**ACTION ITEM**
The listing below holds a line with "Папка с боковым" and a later line with "꿈꾸는 개발자 데뷔 코스 싹, 교육과정 수요조사 - 서울산업진흥원". Write out those two lines and every line between them, exactly, and nothing else.

**EXTRACTED MATERIAL**
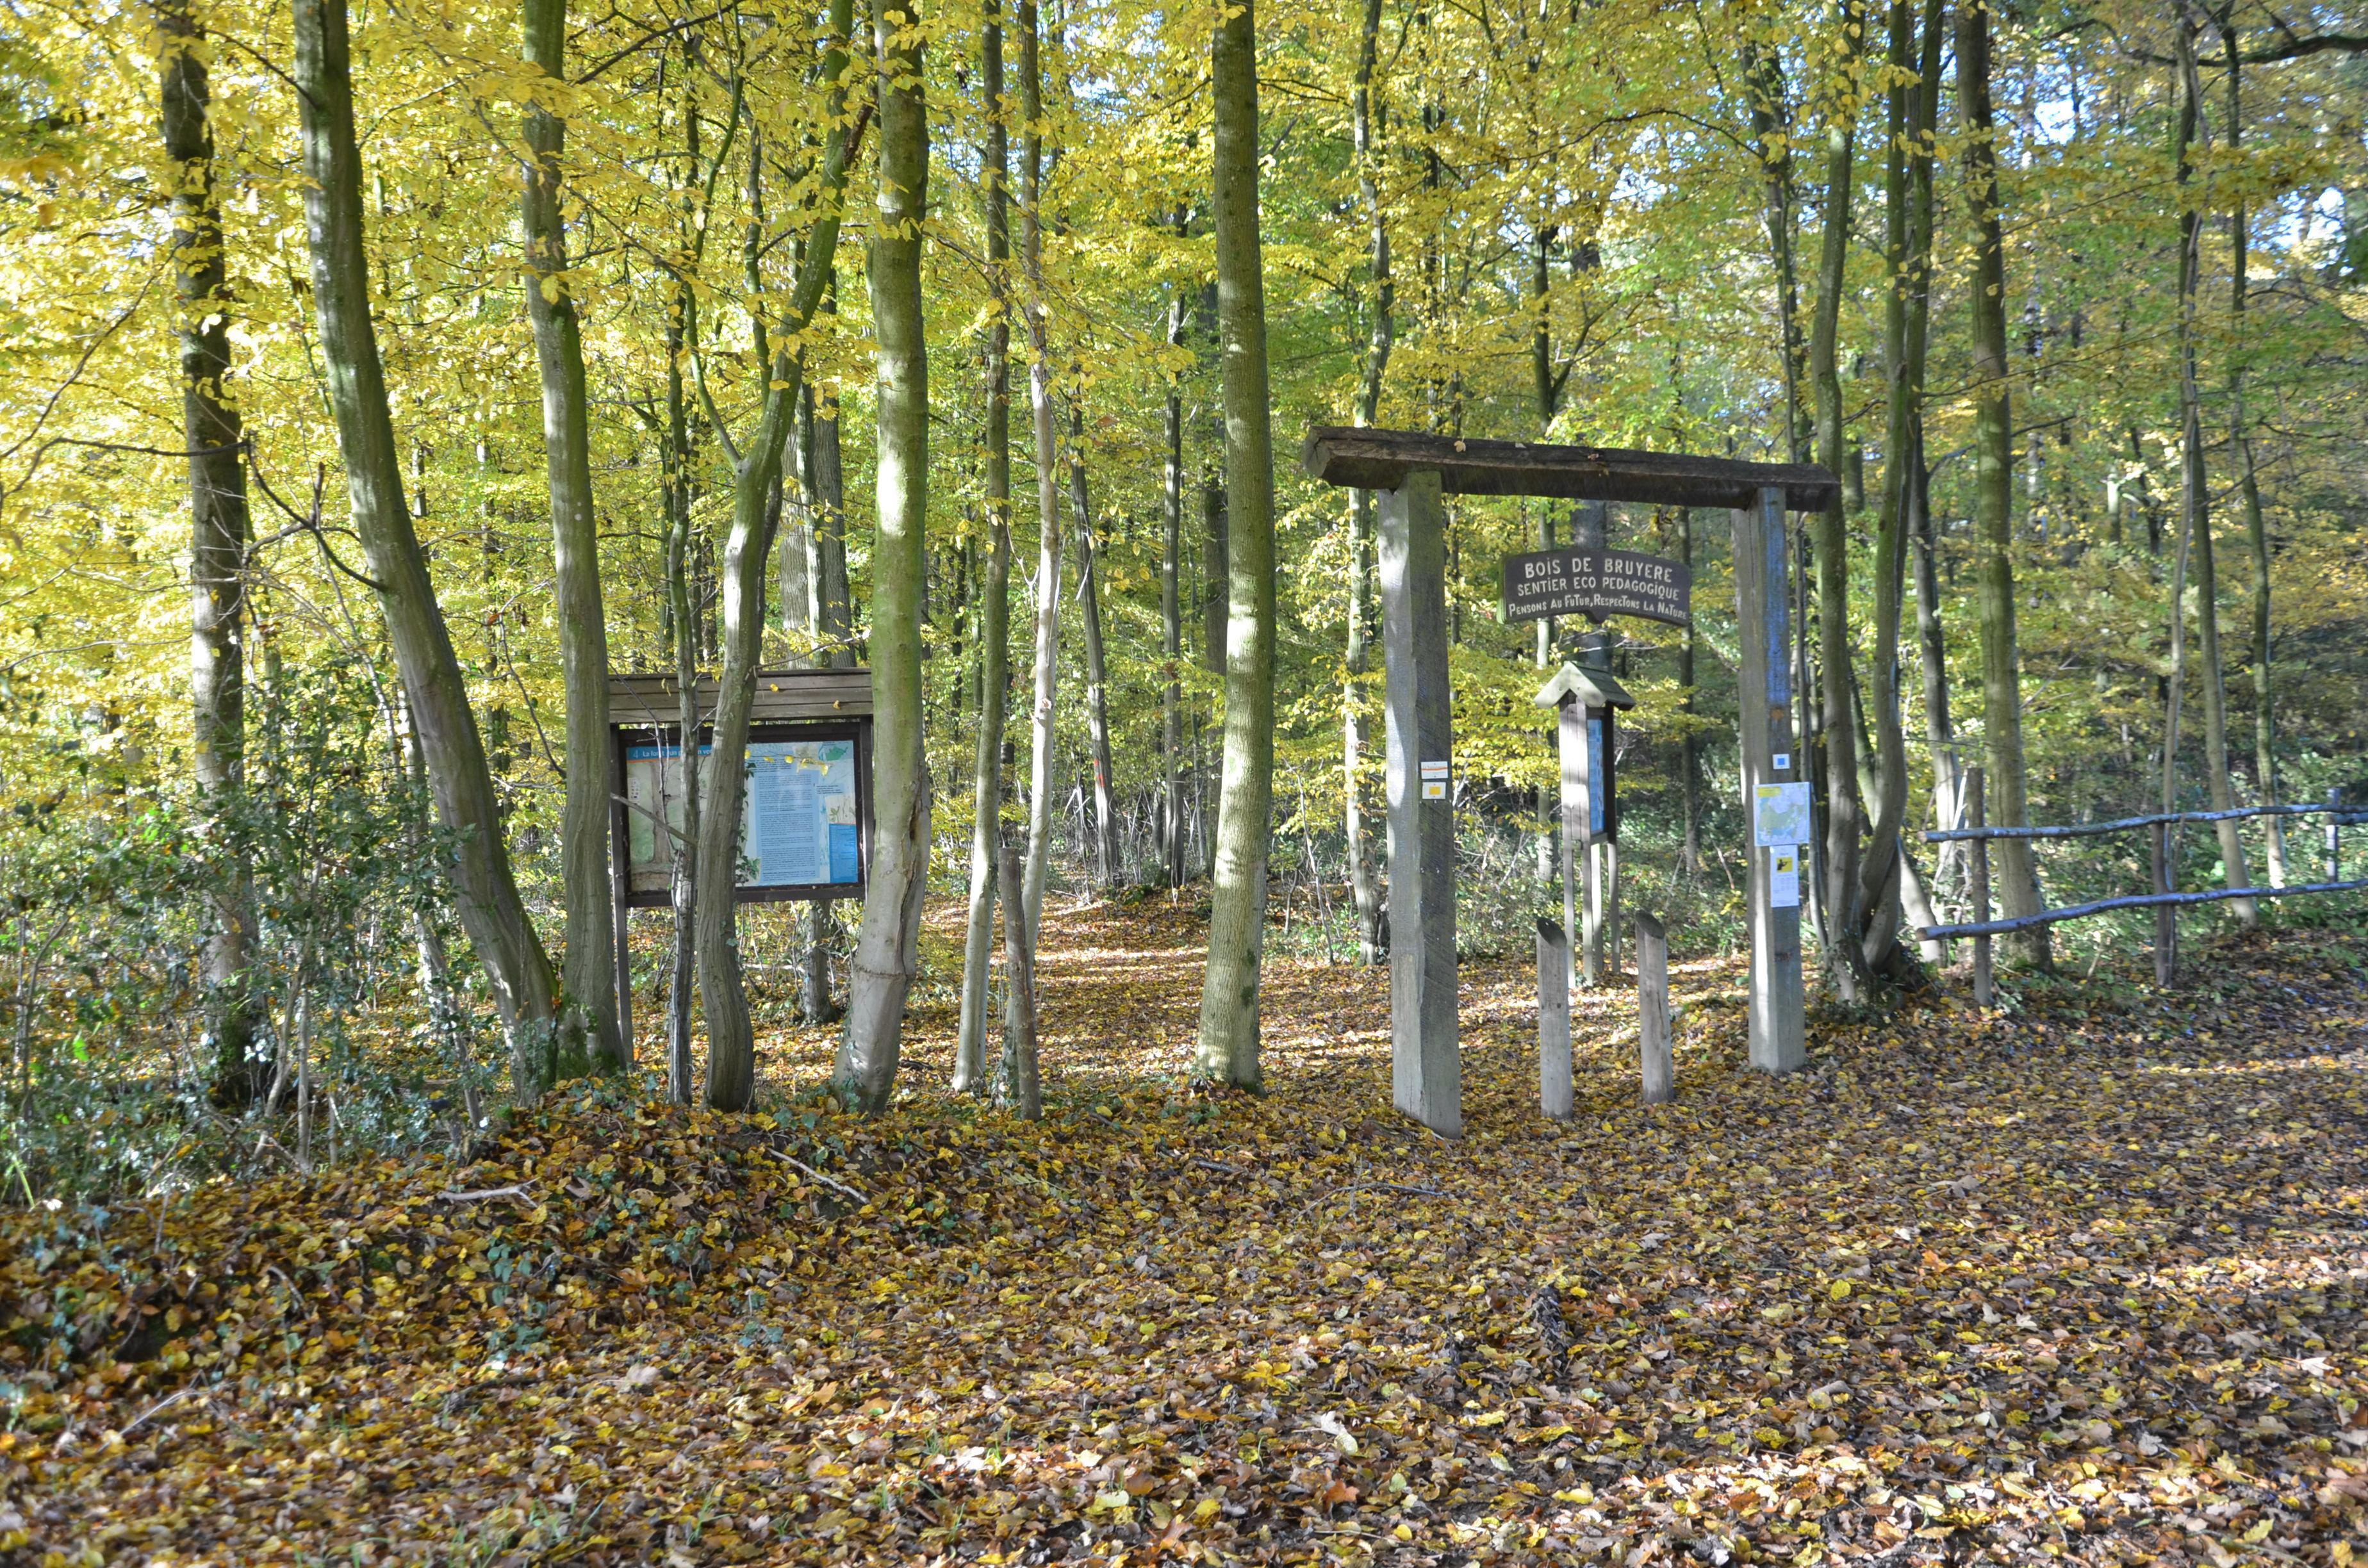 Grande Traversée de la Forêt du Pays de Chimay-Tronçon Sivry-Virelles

==

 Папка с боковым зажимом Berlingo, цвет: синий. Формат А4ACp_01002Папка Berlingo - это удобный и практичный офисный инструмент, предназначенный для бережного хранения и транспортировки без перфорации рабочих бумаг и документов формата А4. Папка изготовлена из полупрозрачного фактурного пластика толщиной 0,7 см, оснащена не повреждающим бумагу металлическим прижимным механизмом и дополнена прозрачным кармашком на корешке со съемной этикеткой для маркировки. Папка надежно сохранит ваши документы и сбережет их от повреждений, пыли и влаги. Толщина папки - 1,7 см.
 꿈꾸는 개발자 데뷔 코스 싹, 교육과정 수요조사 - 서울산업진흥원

==

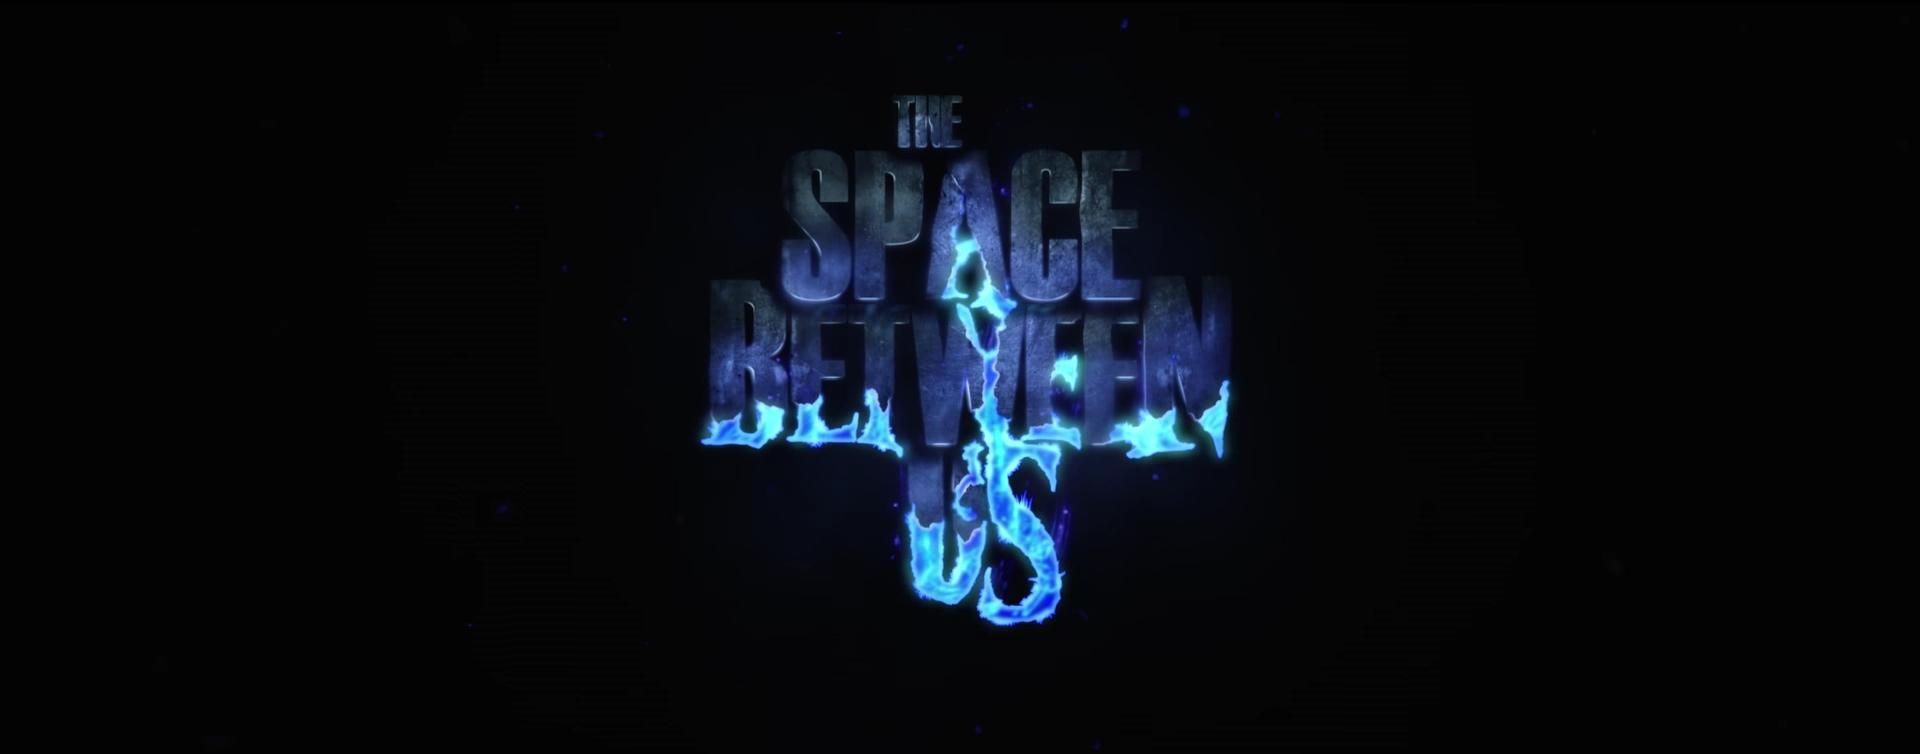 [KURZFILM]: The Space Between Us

**EXPECTED ANSWER**
 Папка с боковым зажимом Berlingo, цвет: синий. Формат А4ACp_01002Папка Berlingo - это удобный и практичный офисный инструмент, предназначенный для бережного хранения и транспортировки без перфорации рабочих бумаг и документов формата А4. Папка изготовлена из полупрозрачного фактурного пластика толщиной 0,7 см, оснащена не повреждающим бумагу металлическим прижимным механизмом и дополнена прозрачным кармашком на корешке со съемной этикеткой для маркировки. Папка надежно сохранит ваши документы и сбережет их от повреждений, пыли и влаги. Толщина папки - 1,7 см.
 꿈꾸는 개발자 데뷔 코스 싹, 교육과정 수요조사 - 서울산업진흥원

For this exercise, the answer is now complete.